Data section:
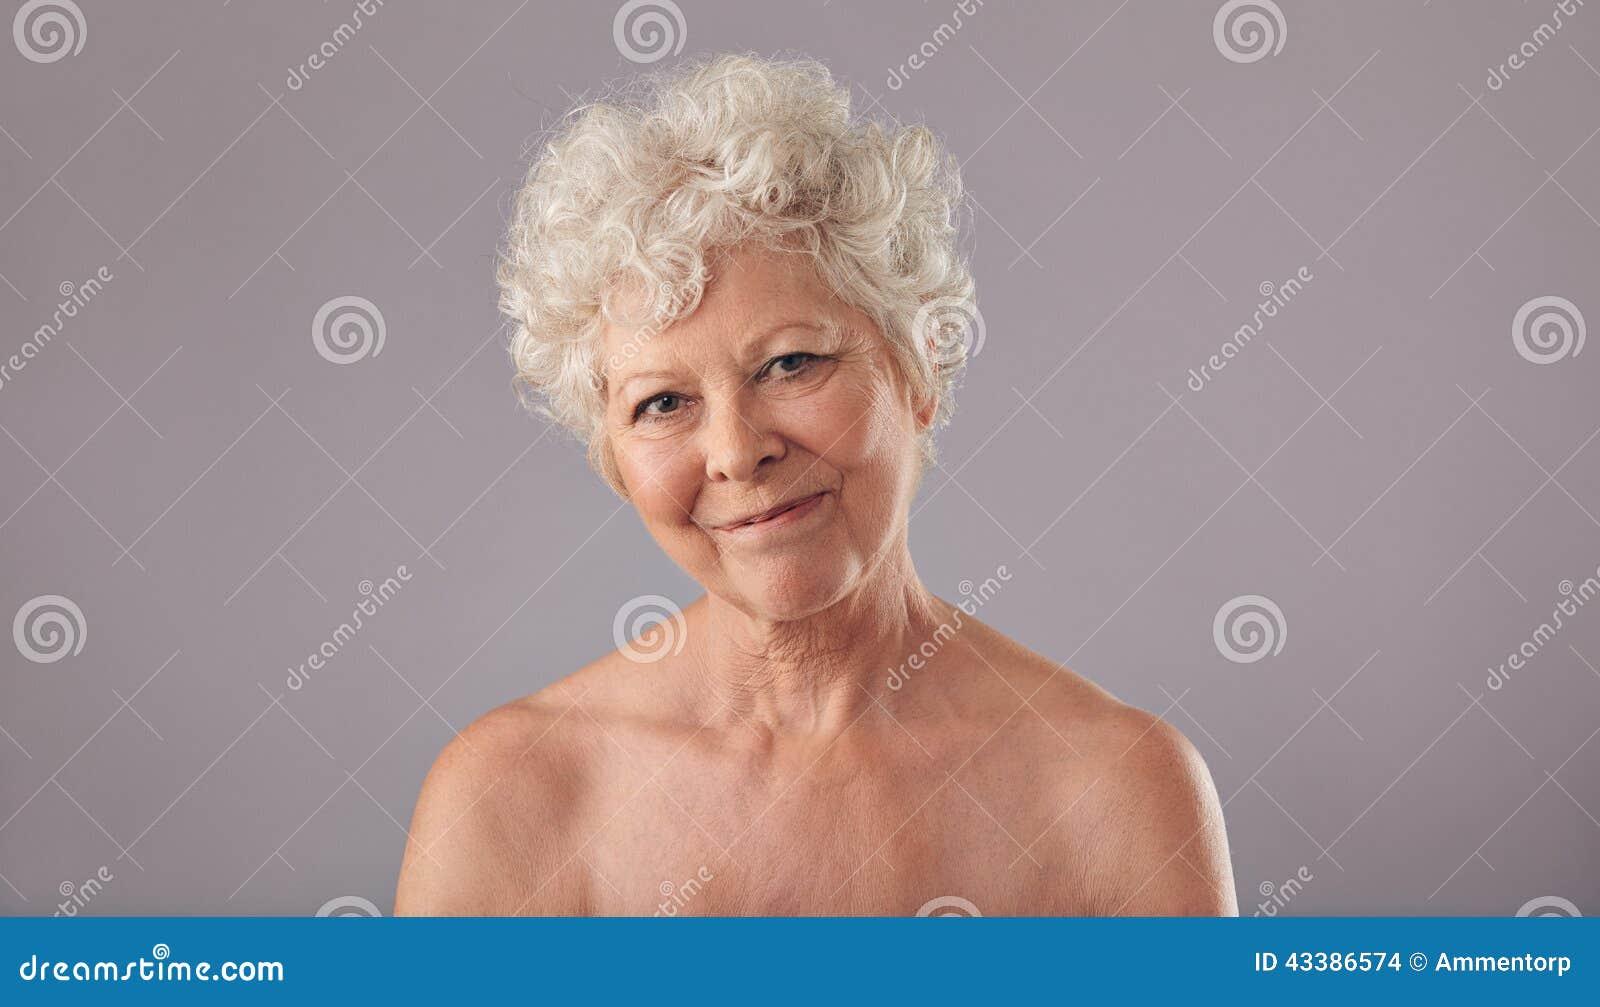 Kimberly kendall anal
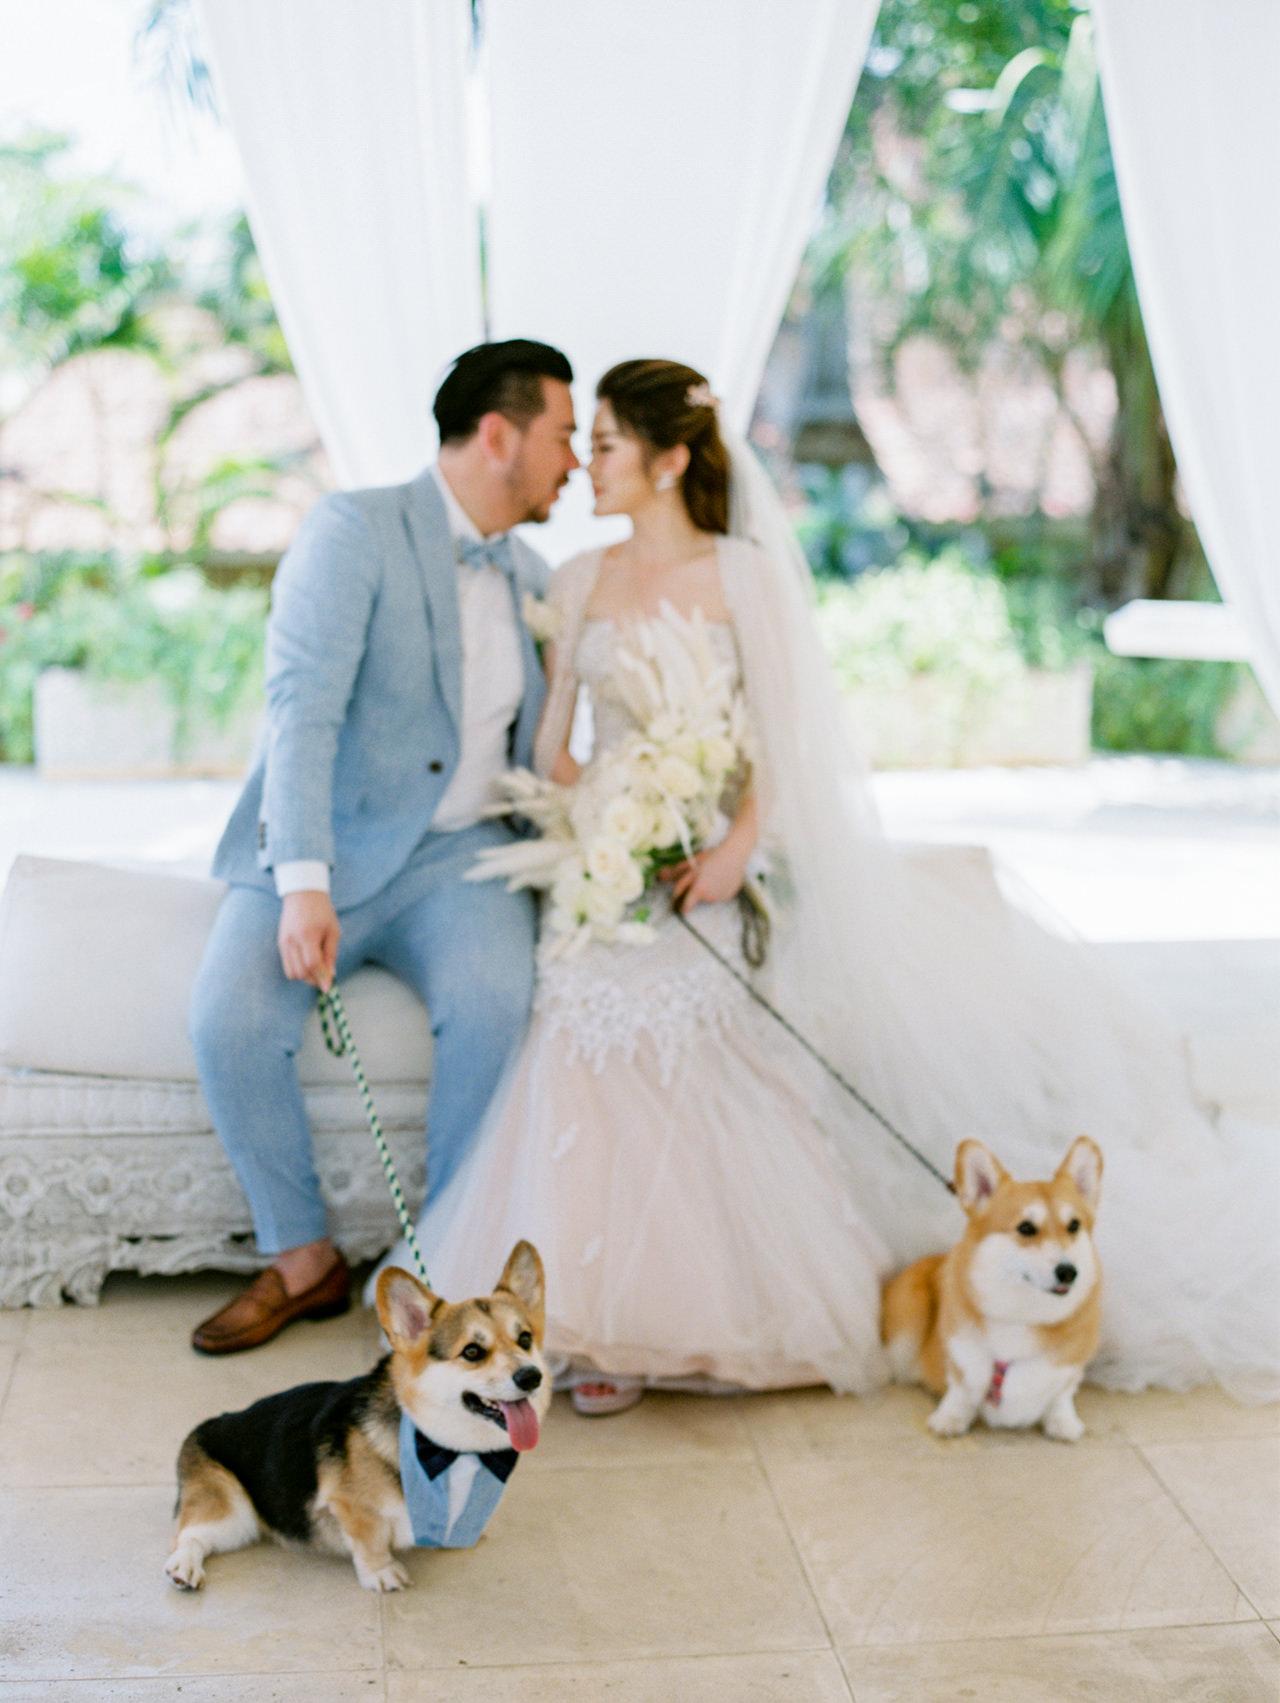 M&S: Shades of Blue Villa Plenilunio Bali Wedding 35
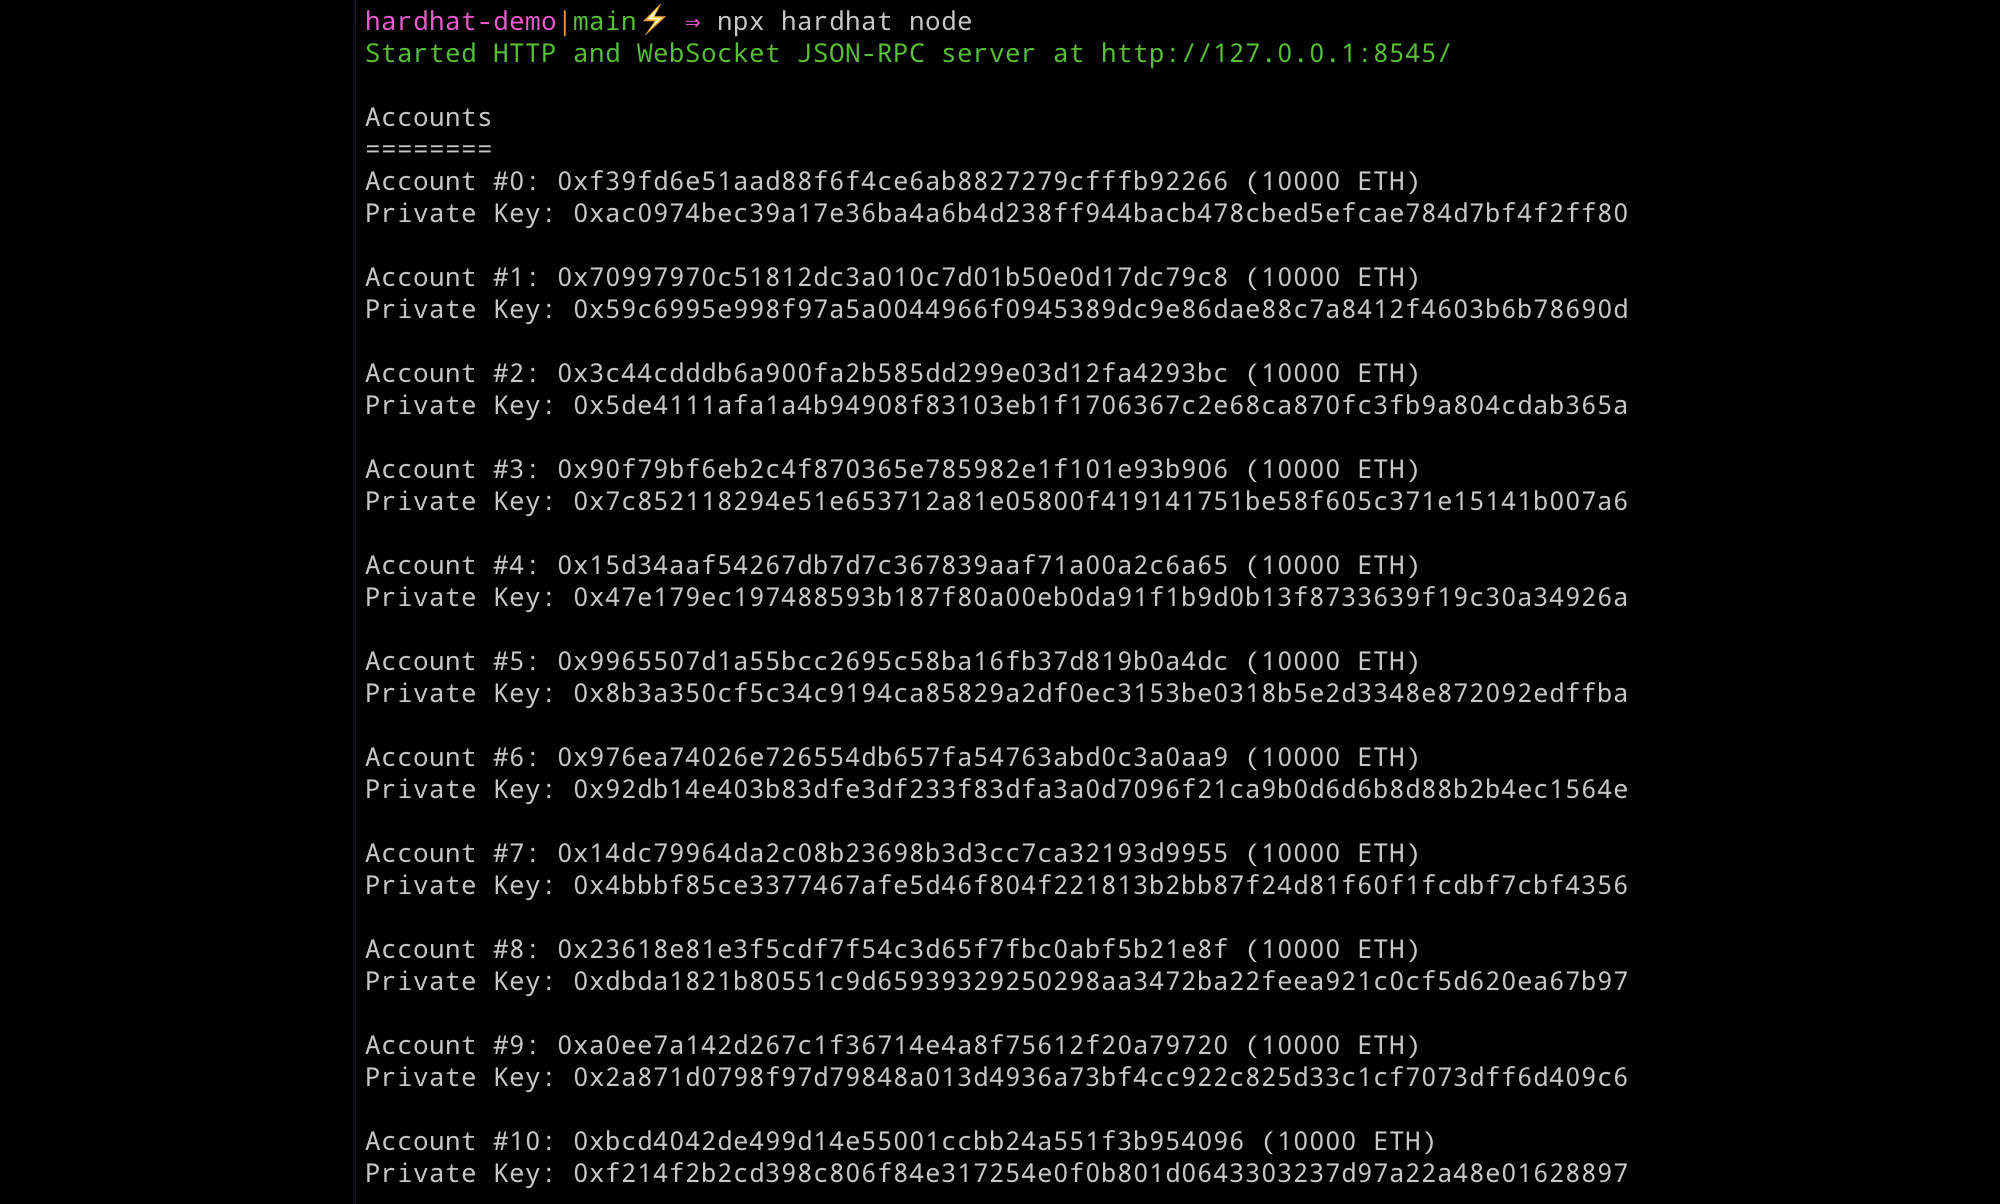 Hardhat node addresses

Work order: In your copy of the material, every word must match and no image should appear.

The completed task:
 Kimberly kendall anal
 M&S: Shades of Blue Villa Plenilunio Bali Wedding 35
 Hardhat node addresses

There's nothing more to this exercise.